Au delà du caractère iconoclaste de l’entreprise et de la description impitoyable d’un milieu baignant autant dans le houblon que dans la médiocrité, les créateurs de Fubar cherchaient, sans trop le claironner, une sorte de «quintessence canadienne». Cette quête m’apparaissant aussi ambitieuse qu’illusoire, j’étais curieux de savoir ce qu’ils avaient bien pu dénicher sur le sujet. «Je crois qu’il n’y a pas de réponse, lance Paul J. Spence. À sa manière, notre film pose la question.» Pour Michael Dowse, il apparaît évident que «l’imaginaire canadien n’est pas peuplé de superhéros, de stars du rock ou de puissants avocats. En général, le cinéma canadien s’intéresse à des personnages plus ordinaires».

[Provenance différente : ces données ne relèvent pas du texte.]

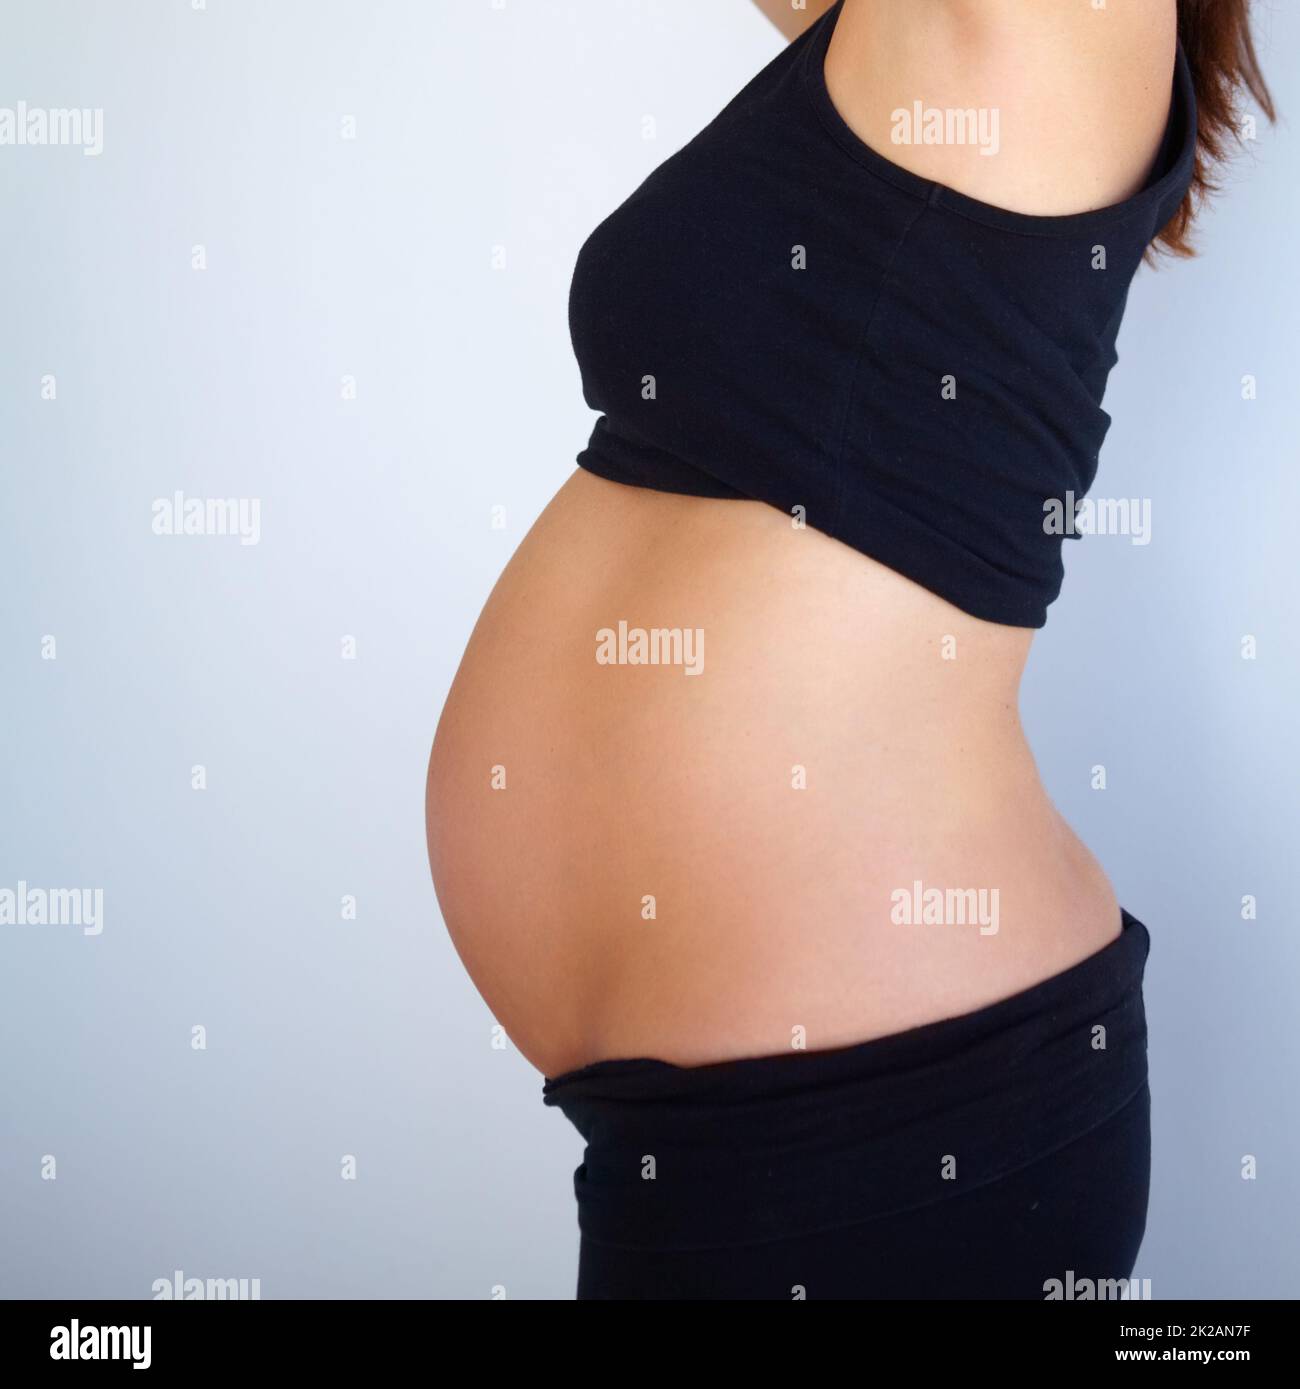 Proud of what my husband and I created. Side angle view of pregnant womanamp039s stomach. Stock Photo

Dans le cas de Dean et Terry, «ordinaire» n’est peut-être pas le meilleur qualificatif. Entre des querelles épiques avec le pauvre documentariste qui les suit à la trace, un séjour en camping où le duo saccage tout sur son passage, sans compter leur appartement, qu’ils mettent sens dessus dessous pour le simple plaisir de la chose, les mots nous manquent... Et on peut se demander ce que les Albertains peuvent penser de ce regard pas très glorieux sur une partie d’eux-mêmes. Là encore, les créateurs de Fubar ne cherchent pas à donner toutes les réponses. «Certaines personnes de Calgary, à l’image de celles qu’on voit dans le film, sont très fières de leur ville, la trouvent très belle... parce qu’elles n’en ont pas vu d’autres», précise Paul Spence. Et Michael Dowse d’ajouter: «En général, les Albertains se foutent pas mal de ce que le reste du Canada peut penser d’eux.» Reste à voir ce que le reste du Canada, justement, pensera de leur film, «une oeuvre qui abaisse à peu près tous les standards de qualité du cinéma canadien!», me lance Paul J. Spence dans un grand éclat de rire.